**Action item:**
Give back the lines below exactly, but do not include any pictures.

**Collected data:**
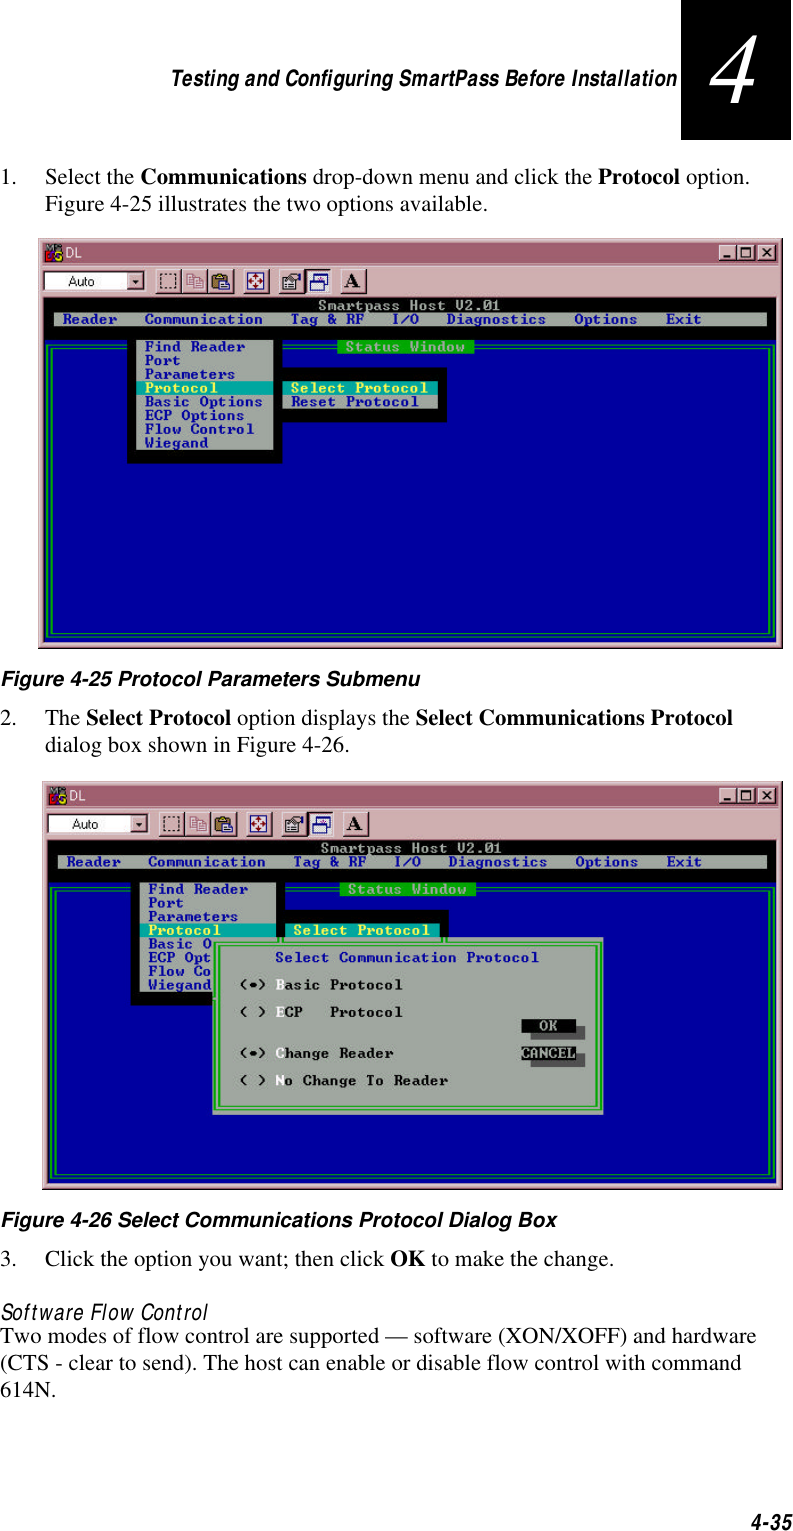 Testing and Configuring SmartPass Before Installation4-3541. Select the Communications drop-down menu and click the Protocol option. Figure 4-25 illustrates the two options available.    Figure 4-25 Protocol Parameters Submenu 2. The Select Protocol option displays the Select Communications Protocol dialog box shown in Figure 4-26. Figure 4-26 Select Communications Protocol Dialog Box3. Click the option you want; then click OK to make the change. Software Flow ControlTwo modes of flow control are supported — software (XON/XOFF) and hardware (CTS - clear to send). The host can enable or disable flow control with command 614N.
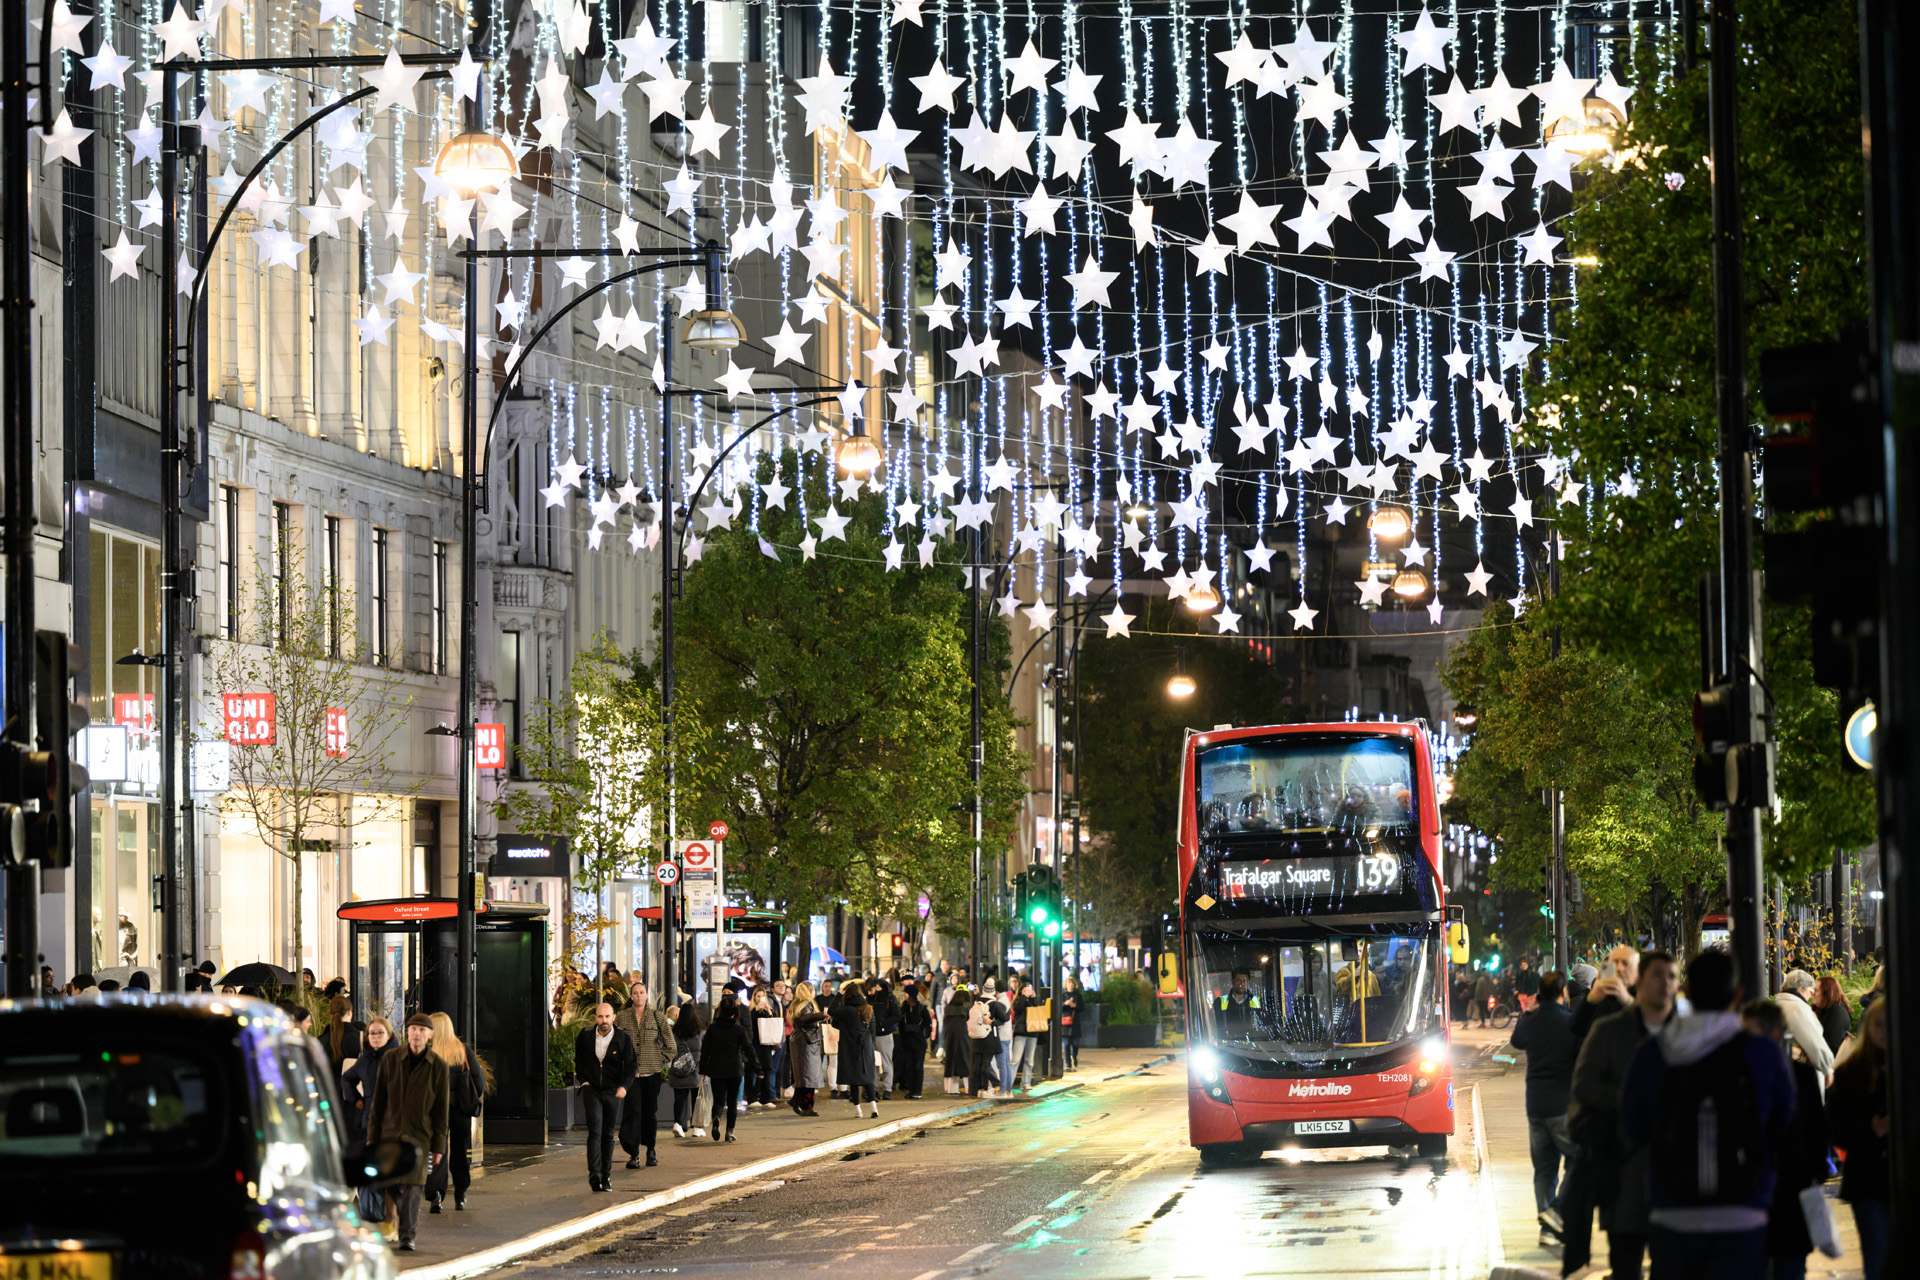 The Oxford Street Christmas lights in partnership with children's charity Starlight were switched on tonight
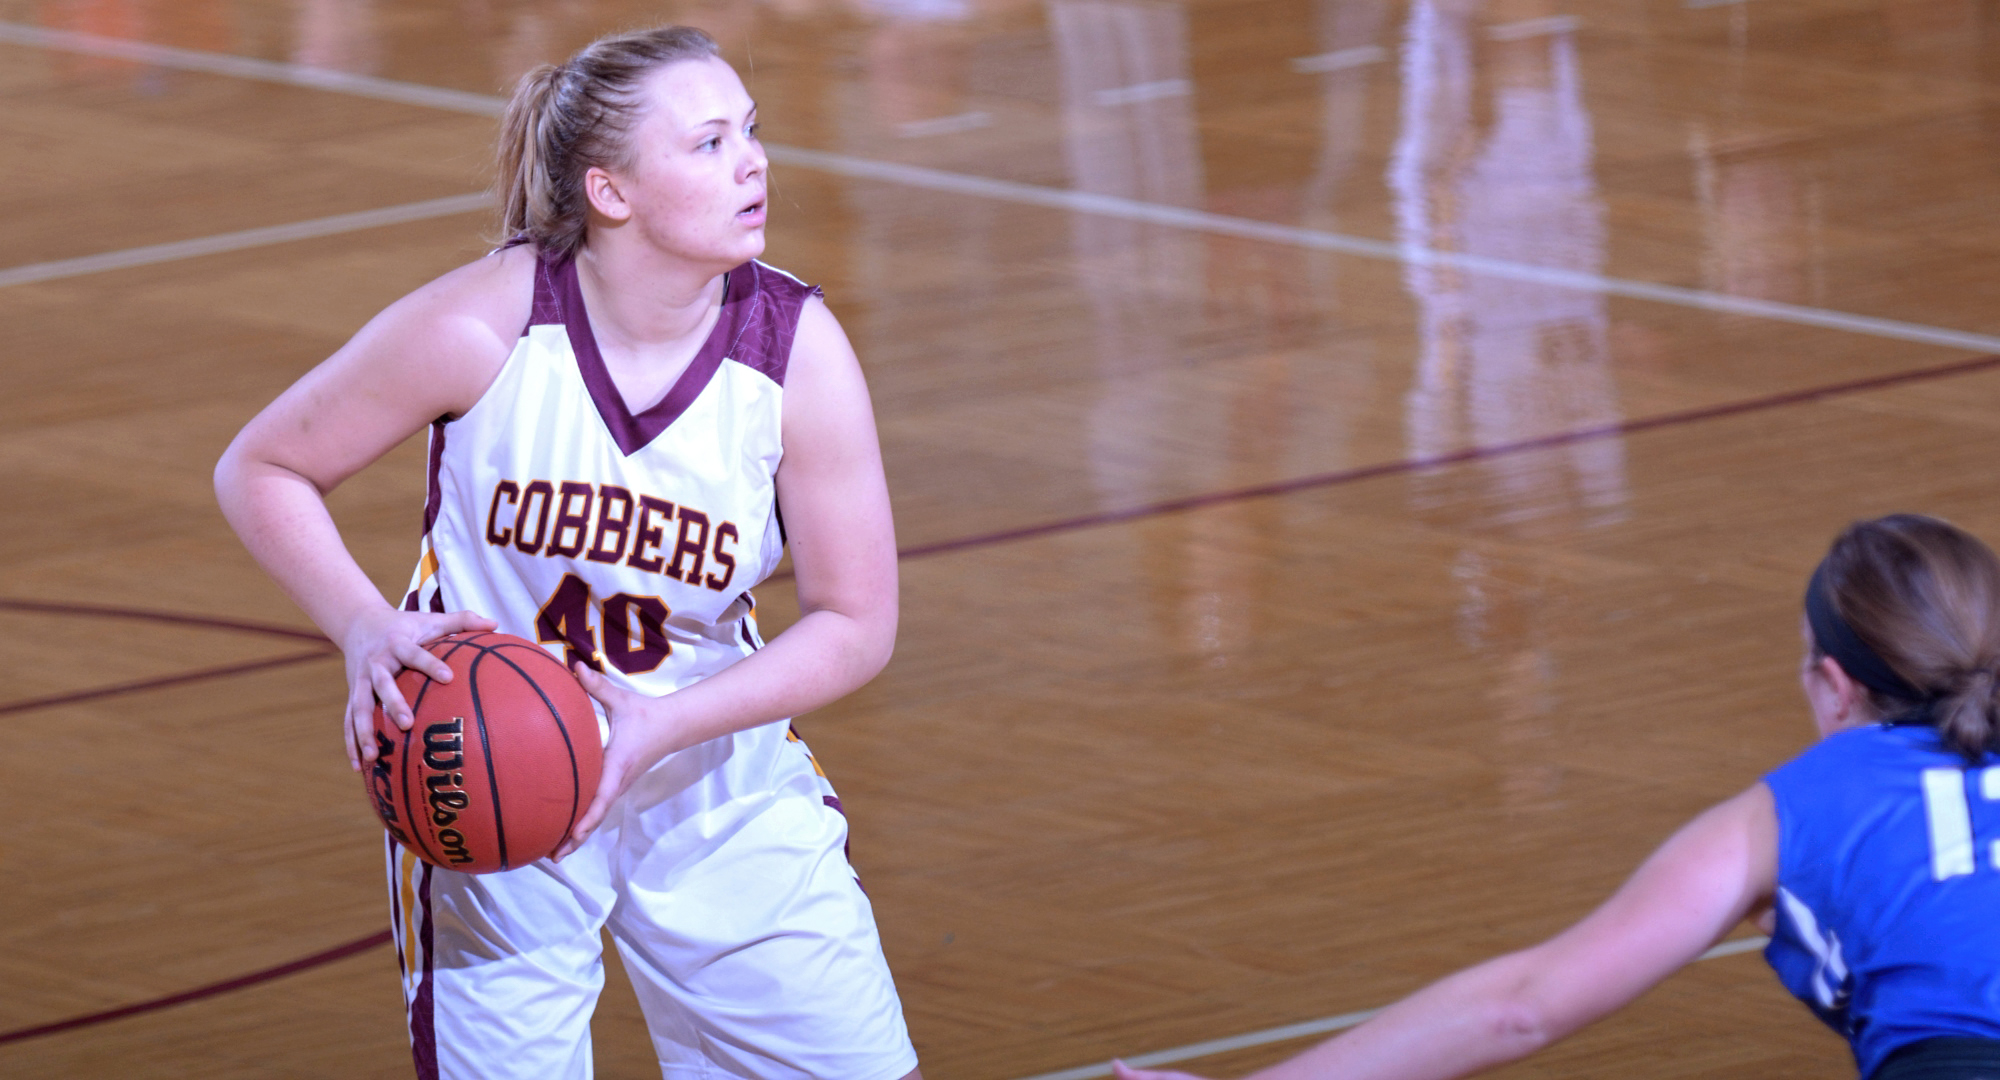 Sophomore Mira Ellefson led Concordia in scoring with 13 points in the team's conference opener at Macalester.

**Task answer:**
 Testing and Configuring SmartPass Before Installation4-3541. Select the Communications drop-down menu and click the Protocol option. Figure 4-25 illustrates the two options available.    Figure 4-25 Protocol Parameters Submenu 2. The Select Protocol option displays the Select Communications Protocol dialog box shown in Figure 4-26. Figure 4-26 Select Communications Protocol Dialog Box3. Click the option you want; then click OK to make the change. Software Flow ControlTwo modes of flow control are supported — software (XON/XOFF) and hardware (CTS - clear to send). The host can enable or disable flow control with command 614N.
 The Oxford Street Christmas lights in partnership with children's charity Starlight were switched on tonight
 Sophomore Mira Ellefson led Concordia in scoring with 13 points in the team's conference opener at Macalester.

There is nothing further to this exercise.